[WikiEN-l] Missed Opportunities to have avoided the Durova Case
Anthony
wikimail at inbox.org
Thu Nov 29 21:44:13 UTC 2007
On Nov 29, 2007 4:33 PM, jayjg <jayjg99 at gmail.com> wrote:
> On Nov 29, 2007 4:04 PM, Anthony <wikimail at inbox.org> wrote:
> > Wikipedia business is the business of Wikipedia. In the context of
> > "an administrator discussing Wikipedia business", it'd be a discussion
> > of who to block, or what pages to protect, or something like that.
> > "Anything about Wikipedia" would include that and anything else
> > related to Wikipedia. If I email my friend and say "Wikipedia is the
> > greatest site ever", that'd be "about Wikipedia", but it wouldn't be
> > "Wikipedia business".
>
> What about if an admin e-mailed another Wikipedian and said "Account X
> is new but looks suspiciously familiar with Wikipedia process"; would
> the Wikipedia community have a *right* to see that e-mail?

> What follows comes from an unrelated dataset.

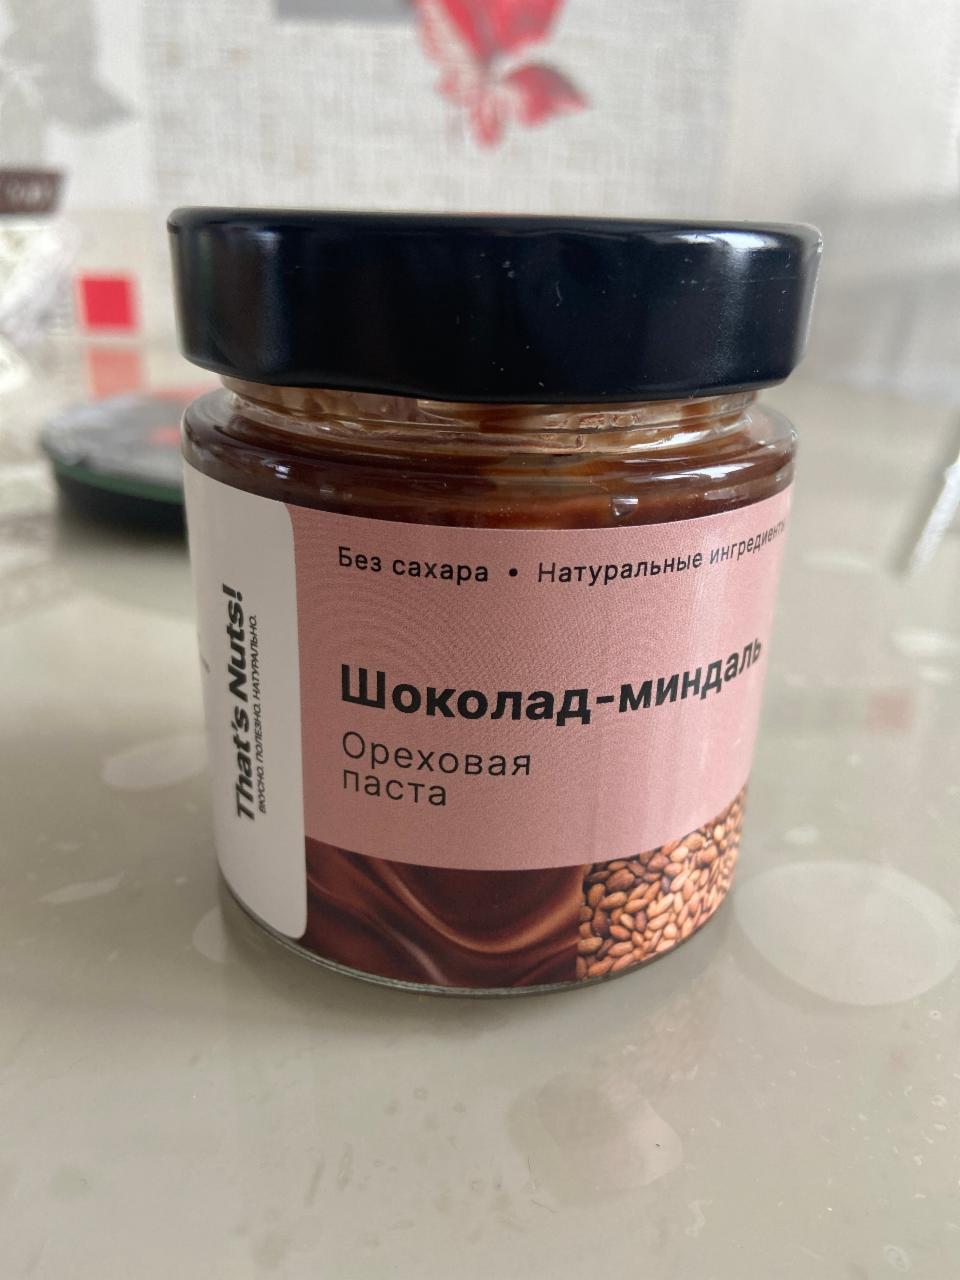 Фото - Ореховая паста шоколад-миндаль That’s Nuts

Are you asking me? My opinion is no, the community as a whole does
not have a *right* to see that e-mail, but it should be logged and
available to the foundation and/or an agent of the foundation. I feel
that the accused Wikipedian, on the other hand, does have a *right* to
see that e-mail, at least at the point that it is decided that there
is enough evidence to make an action or that it was a mistake in the
first place.
Of course, getting back to the discussion at hand, I would consider
that to be "discussing Wikipedia business", and not just "about
Wikipedia".
> How about
> if a Wikipedia admin e-mailed another Wikipedian and said "Look at
> page X, it looks like some POV-warriors have really gone to work on
> it". That's also public property?
>
In my opinion, it should be.
> Mind you, your own post facto re-interpretation of Alec's demands are
> kind of moot, considering he was insisting he needed to see the "full
> content of the emails" sent to both lists. That, in fact, was the
> context in which he insisted that every single e-mail was "Wikipedia
> business".
>
Well, I'd disagree with him on that if that's what he said, but I
still don't think he ever claimed that he had a right to see
everything that any admin had ever written "about Wikipedia".